> _AVAILABLE DATA_
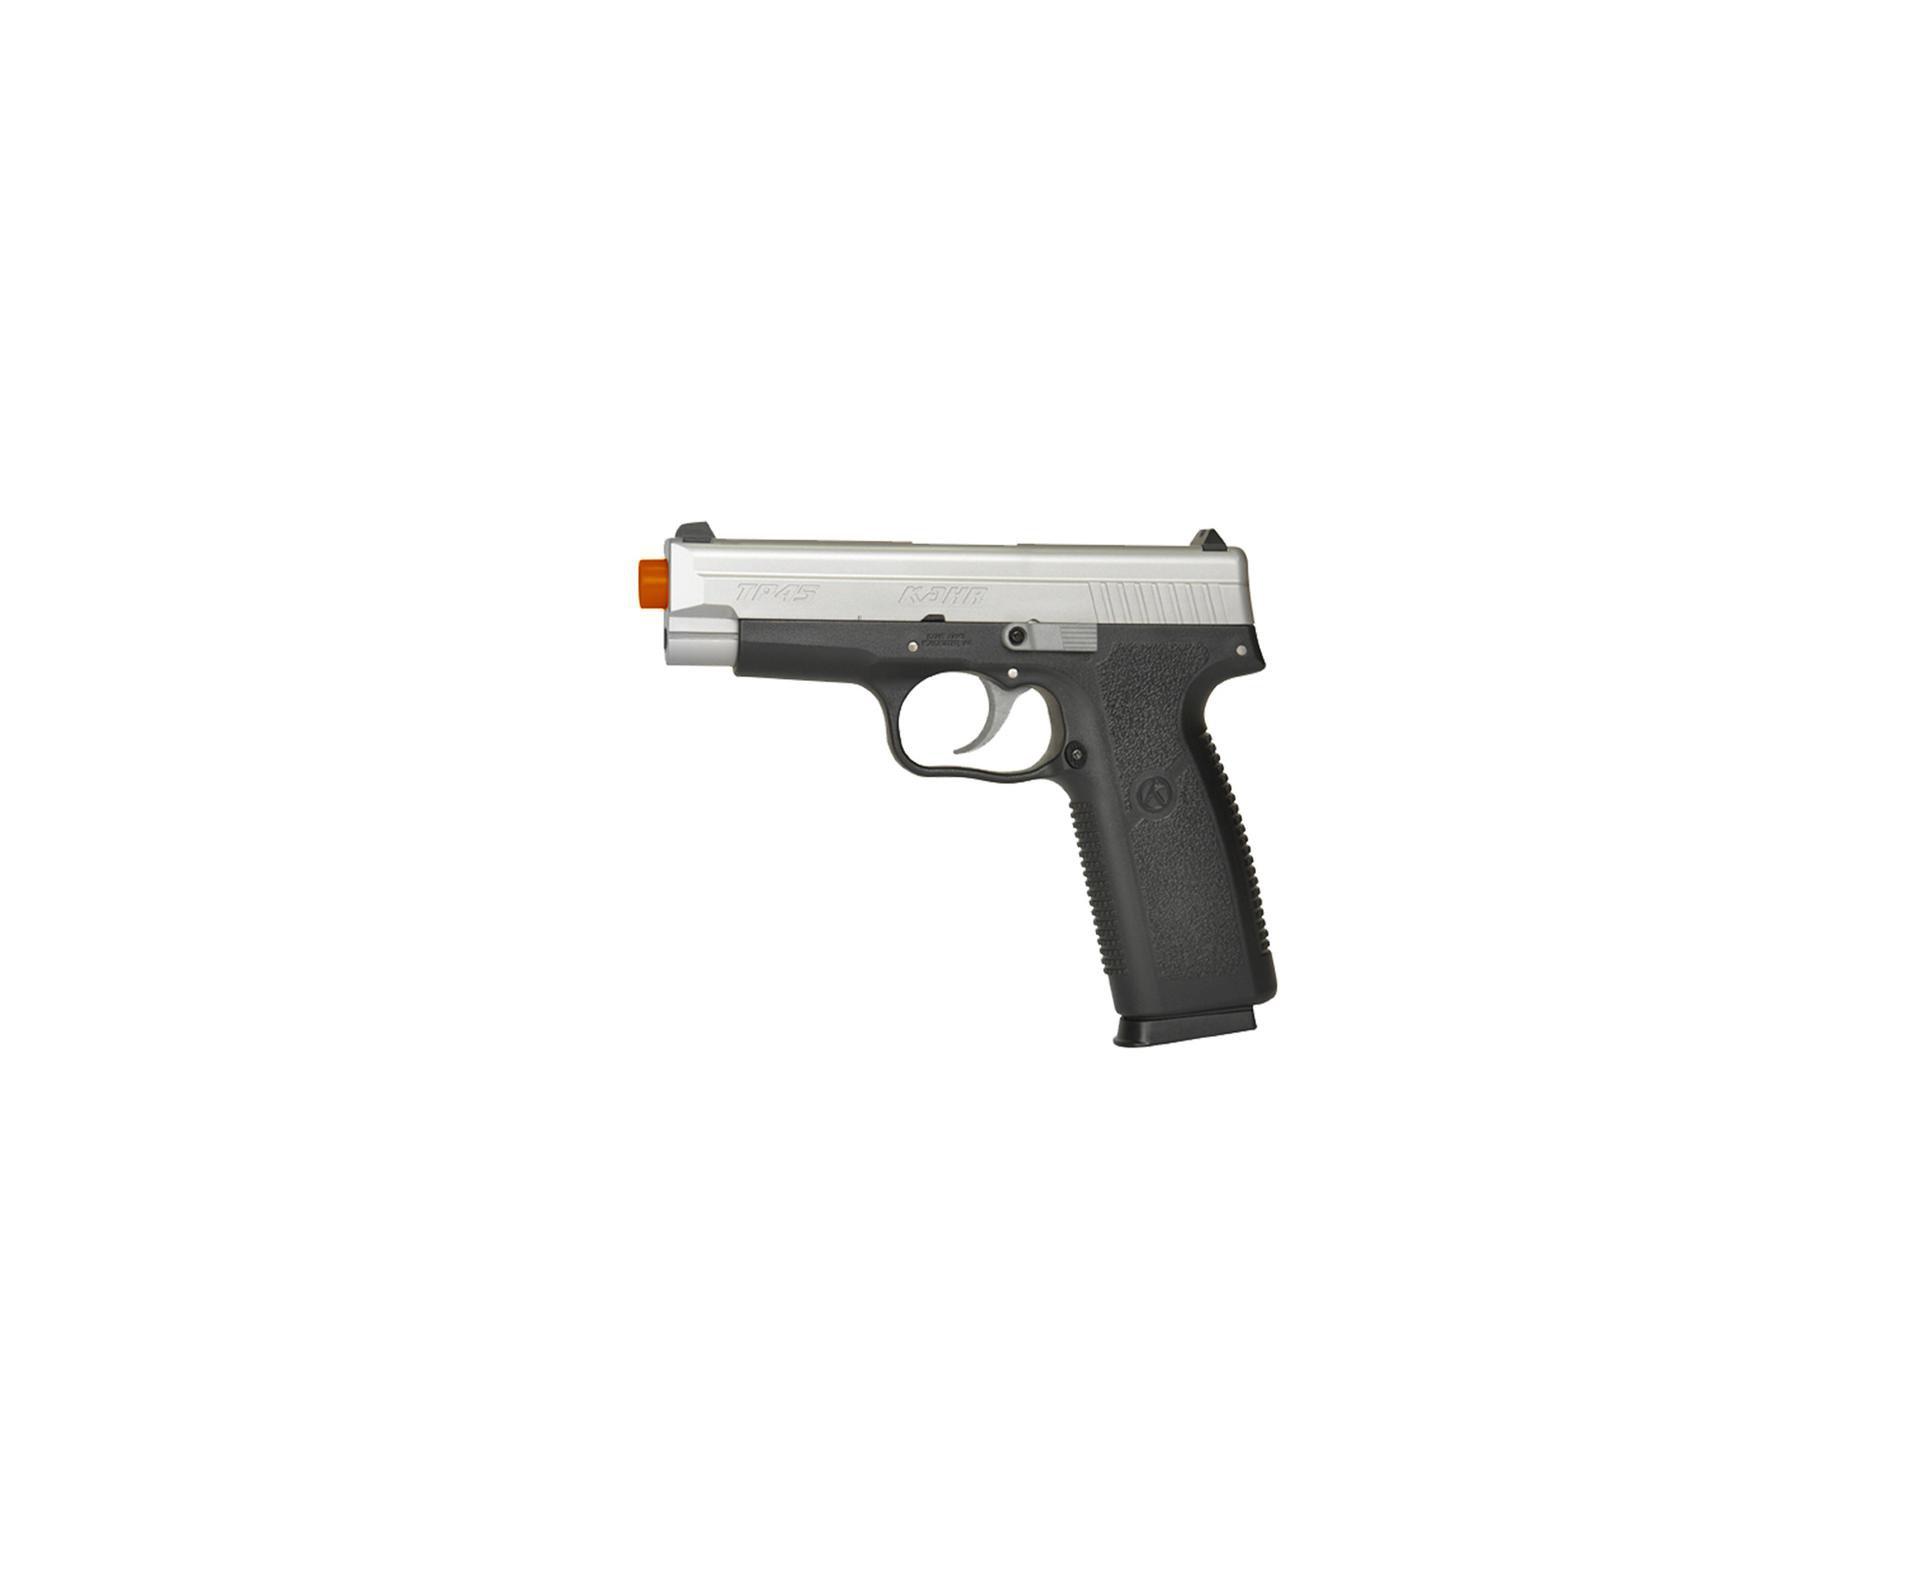 Pistola De Airsoft Tp45 - Kahr Arms - Calibre 6.0 Mm  - Cyber Gun
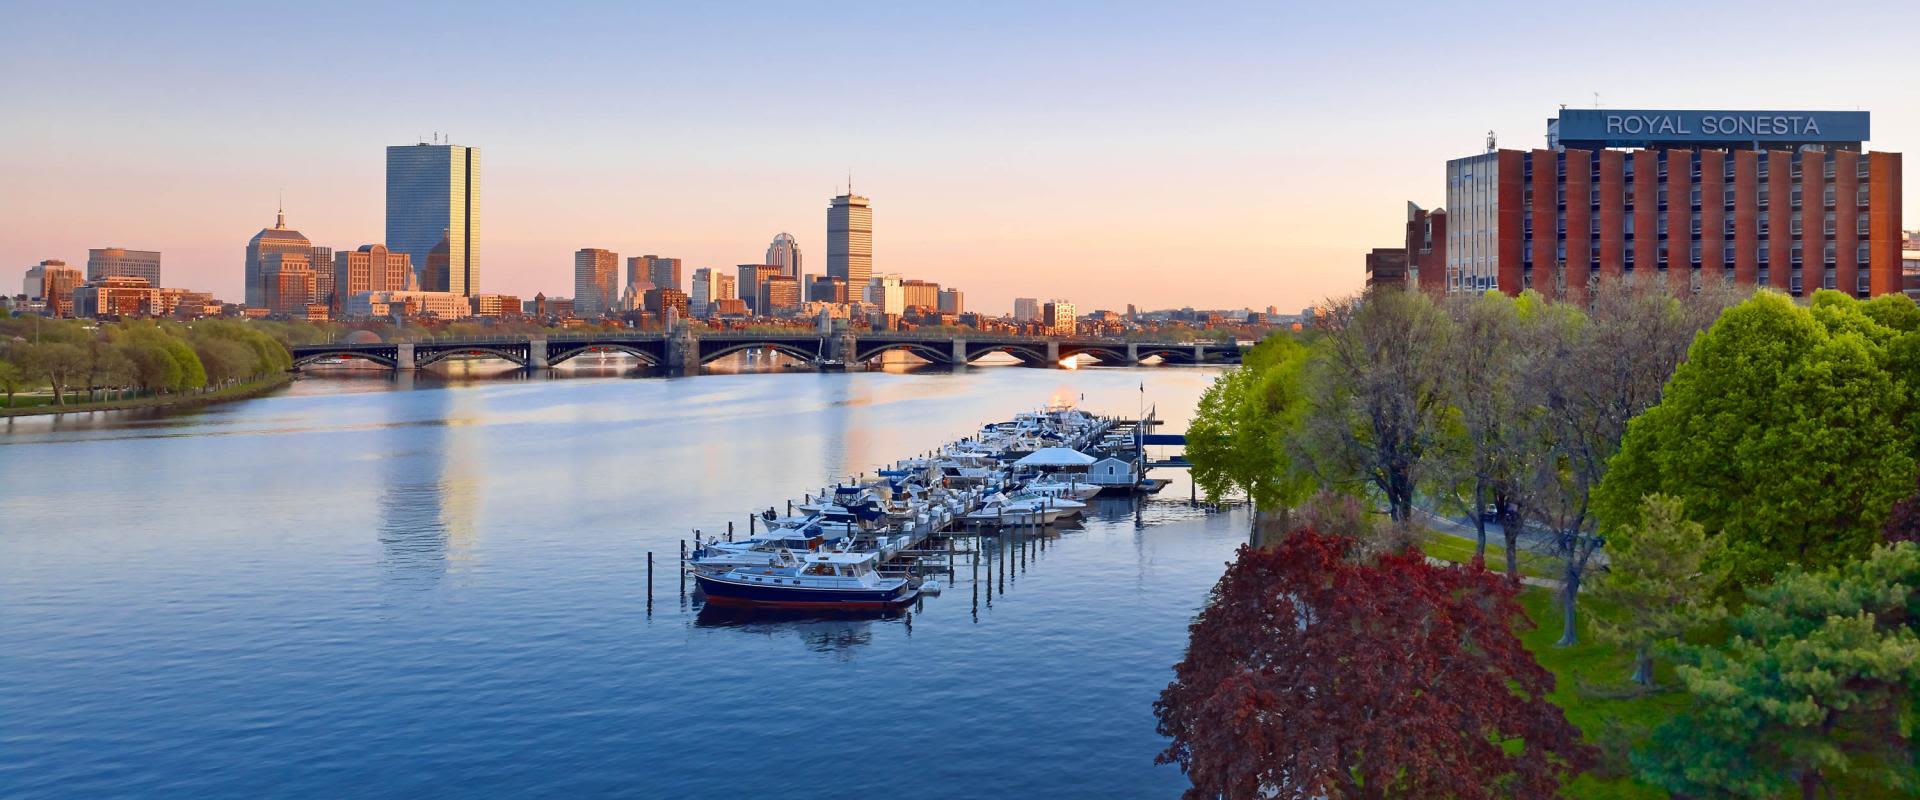 Royal Sonesta Boston Cambridge
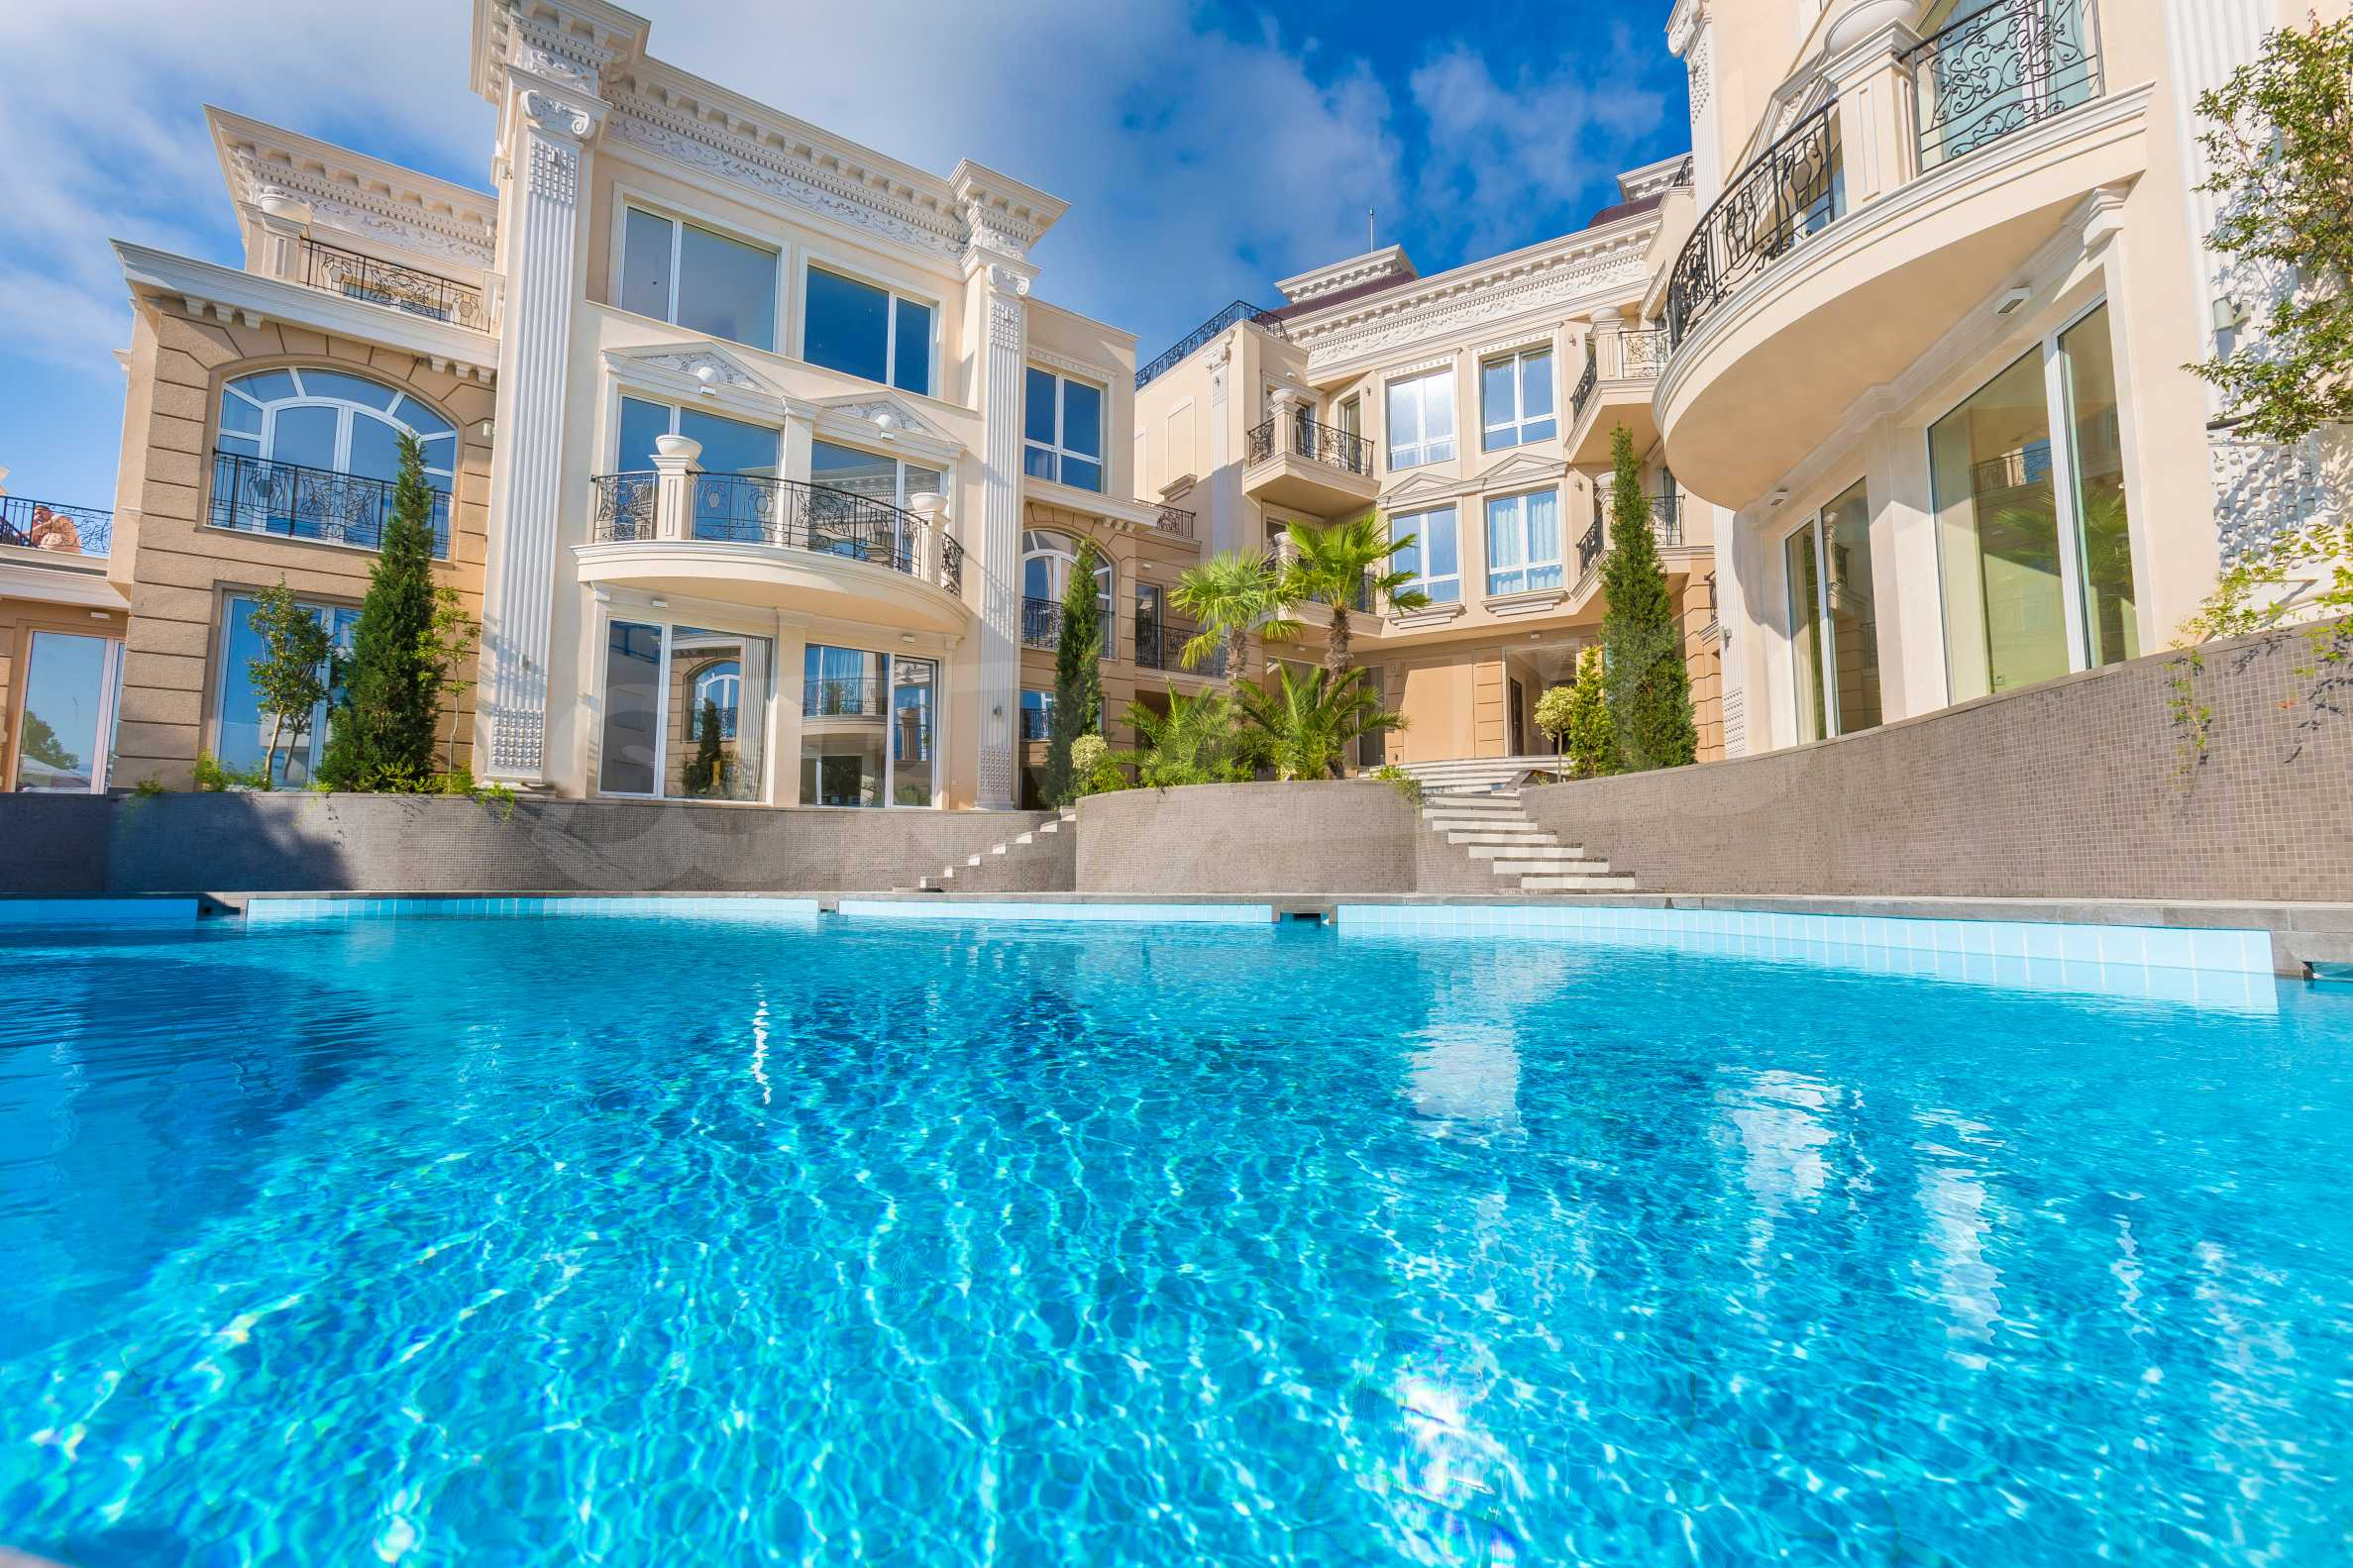 Комфортен двустаен апартамент под наем в Belle Époque Beach Residence, курорт Лозенец 4

> _TASK INSTRUCTIONS_
Repeat the material verbatim but without any of its pictures.

> _OUTPUT OF THE TASK_
 Pistola De Airsoft Tp45 - Kahr Arms - Calibre 6.0 Mm  - Cyber Gun
 Royal Sonesta Boston Cambridge
 Комфортен двустаен апартамент под наем в Belle Époque Beach Residence, курорт Лозенец 4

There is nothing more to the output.